Response: We appreciate the reviewer's point regarding alternative classifications such as SYNTAX or CASSC, which provide more granular assessments of coronary anatomy. We have added a justification in the Methods section (Section 2.2): "This categorization was chosen for practicality and reproducibility in the cath lab, acknowledging that SYNTAX/CASSC provides a more granular assessment." Furthermore, in the Discussion section (limitations paragraph), we have elaborated: "Finally, we preferred the critical lesion count over scoring systems like SYNTAX or CASSC for assessing coronary plaque burden. These tools provide a detailed evaluation of coronary anatomy and are validated for predicting adverse outcomes. However, in the urgent setting of first-time ACS, our goal was to use a practical and consistent surrogate for the overall atherosclerotic burden that could be quickly applied during coronary angiography. Therefore, although lesion count may underestimate disease complexity compared to SYNTAX or CASSC, it offers a clinically feasible option for early risk assessment and an easy, objective method for identifying the critical number of lesions. This approach is consistent with prior research, such as Jung et al. (2023) [37], which used a similar categorization by number of diseased vessels (0, 1, 2, 3) to evaluate long-term clinical impacts in patients with multi-vessel non-obstructive coronary artery disease." This reference [37] supports our methodology by demonstrating that critical lesion number has been effectively used in similar contexts as an alternative to more complex scoring systems.
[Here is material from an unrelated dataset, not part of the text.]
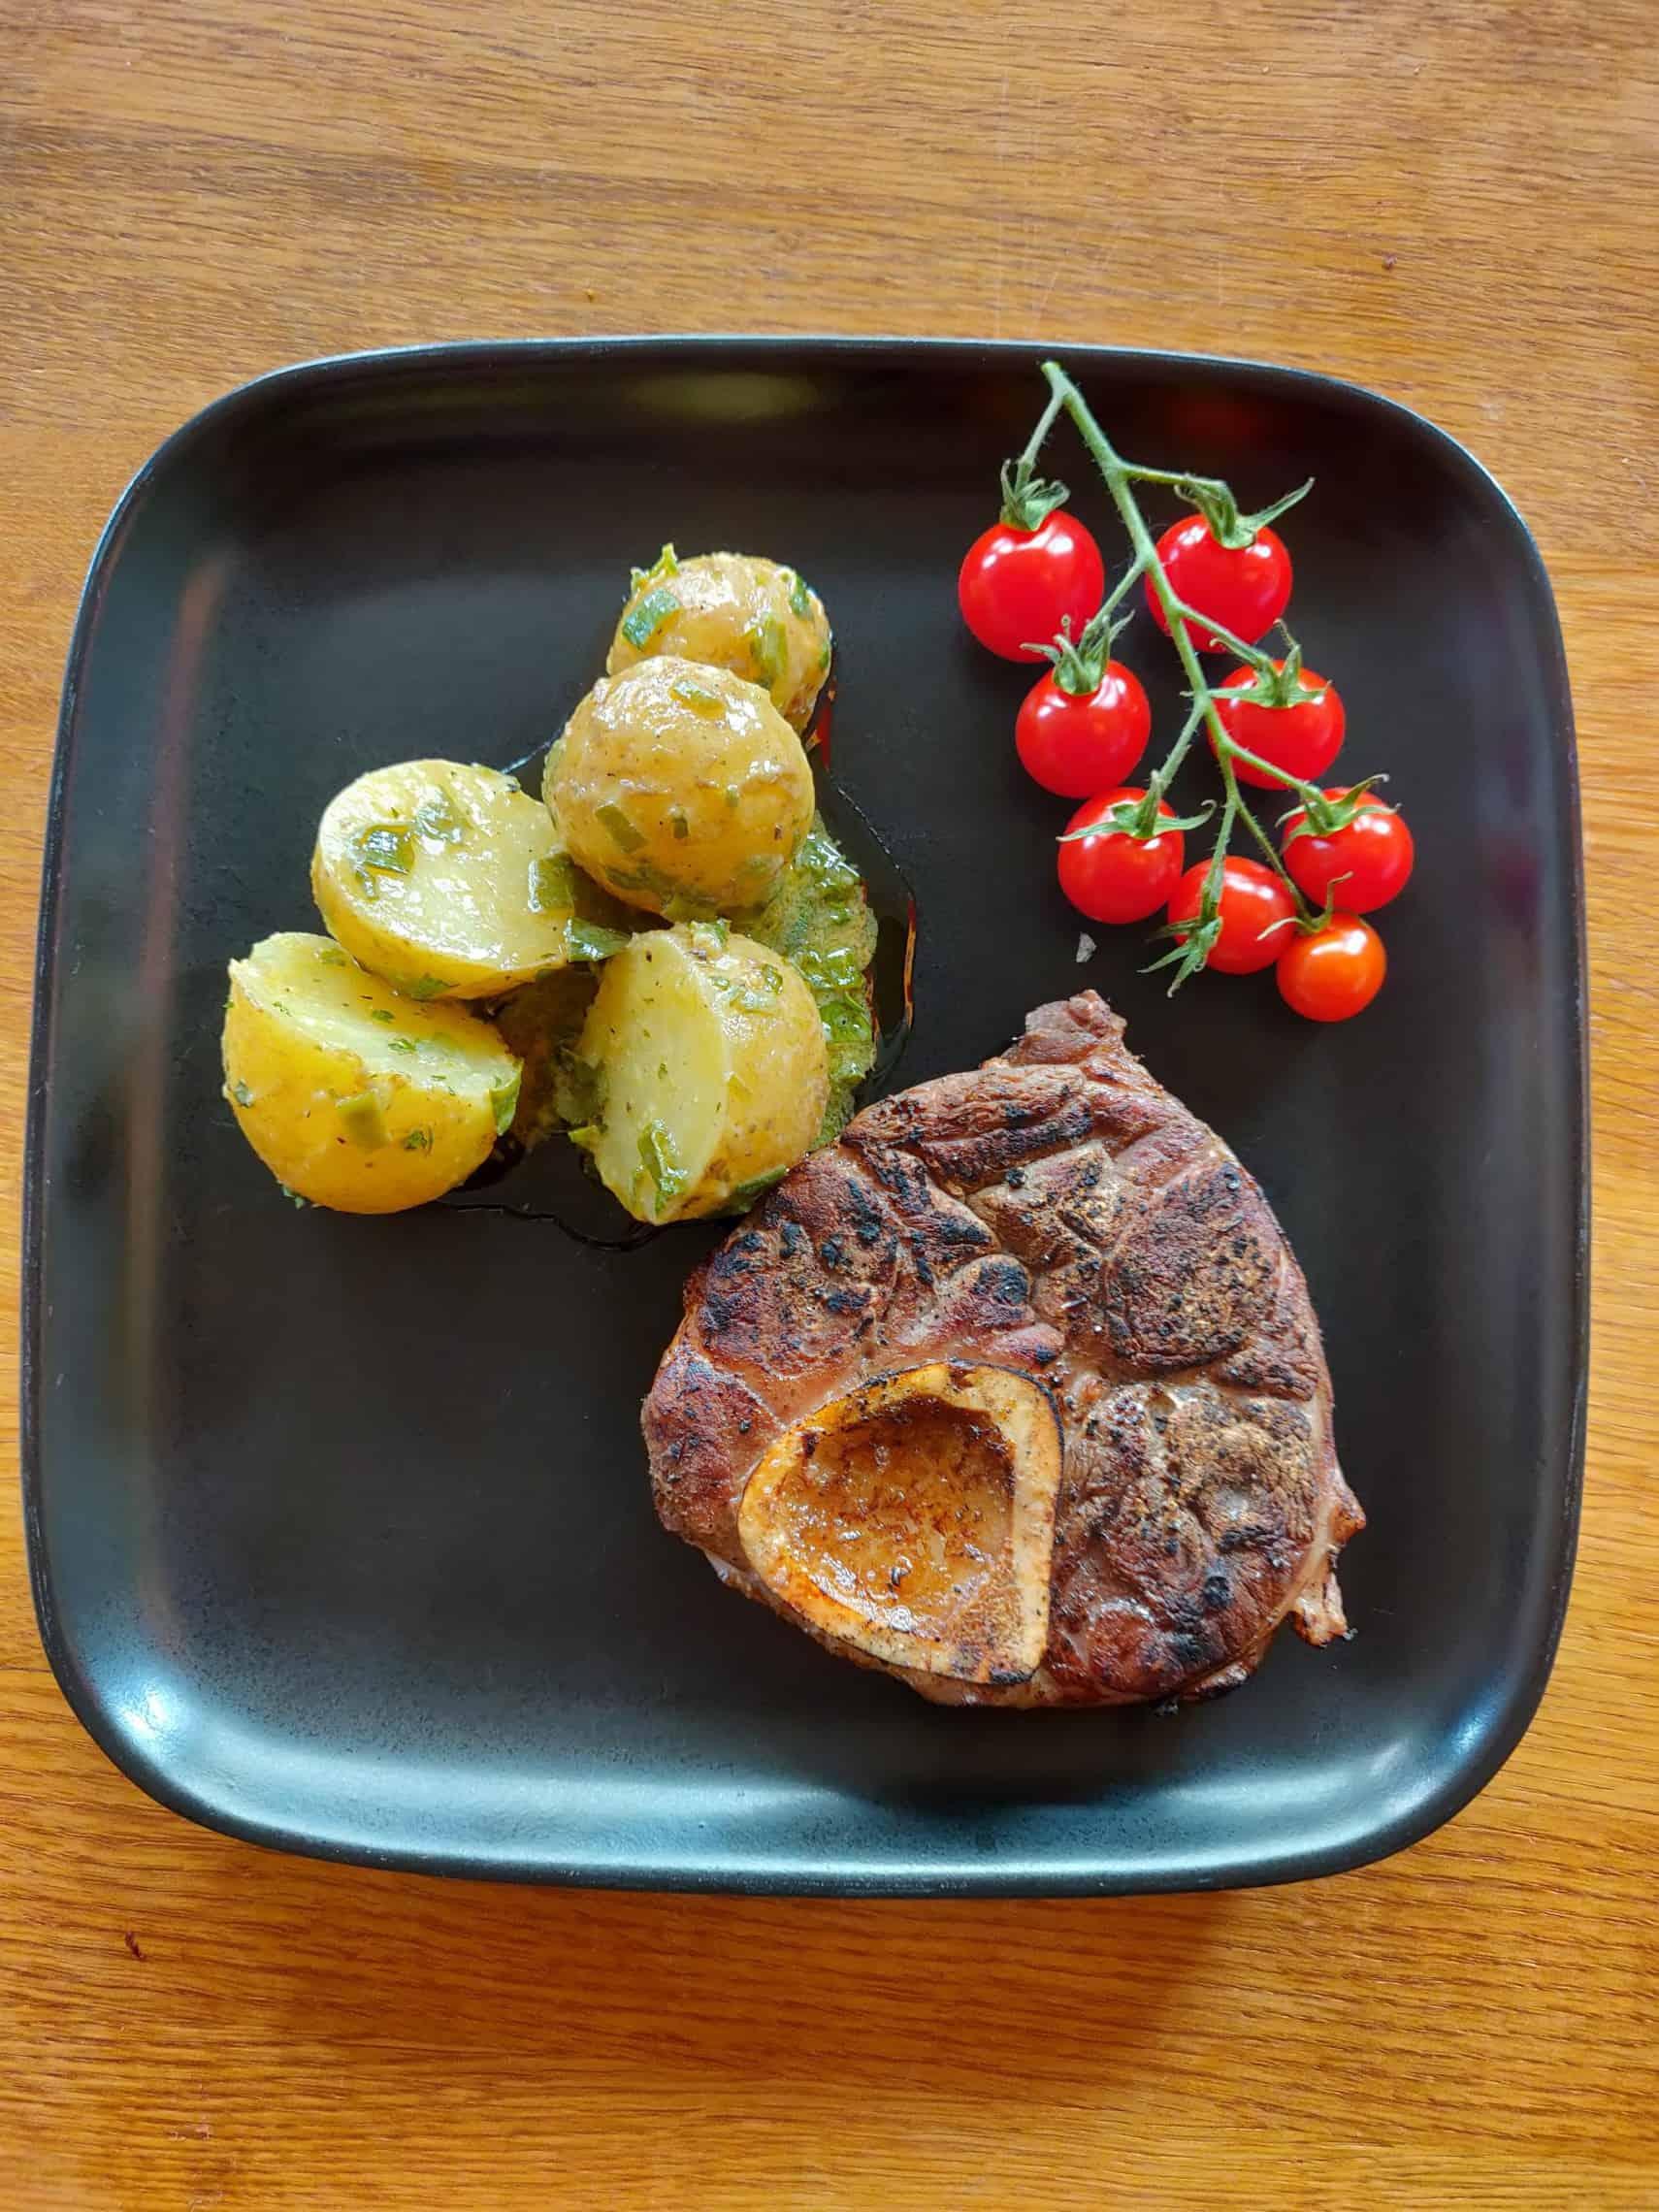 Kalvlägg med fransk potatissallad och tomater

Comment 3: When comparing multiple groups, a statistical correction for multiple comparisons must be applied (e.g., Bonferroni correction for the number of groups). In this case, statistical significance would be achieved at p < 0.05/5 = 0.01. Consequently, there would be no significant differences in Table 2. This fundamentally changes the study's results.

Response: We fully agree with the need for multiple comparison corrections and have incorporated Bonferroni correction into our analysis. In the Methods section (Section 2.3), we have added: "ANOVA with Bonferroni correction applied (p<0.01 threshold)." In the Results section (Section 3.2), we report: "After Bonferroni correction, only TG/HDL-C retained significance (p=0.009). LDL-C and TC/HDL lost significance." Table 2 has been revised to include columns for uncorrected and Bonferroni-corrected p-values, confirming that only TG/HDL-C remains significant post-correction. This adjustment refines our results, emphasizing the superiority of TG/HDL-C, and does not undermine the core findings but rather strengthens the focus on this biomarker.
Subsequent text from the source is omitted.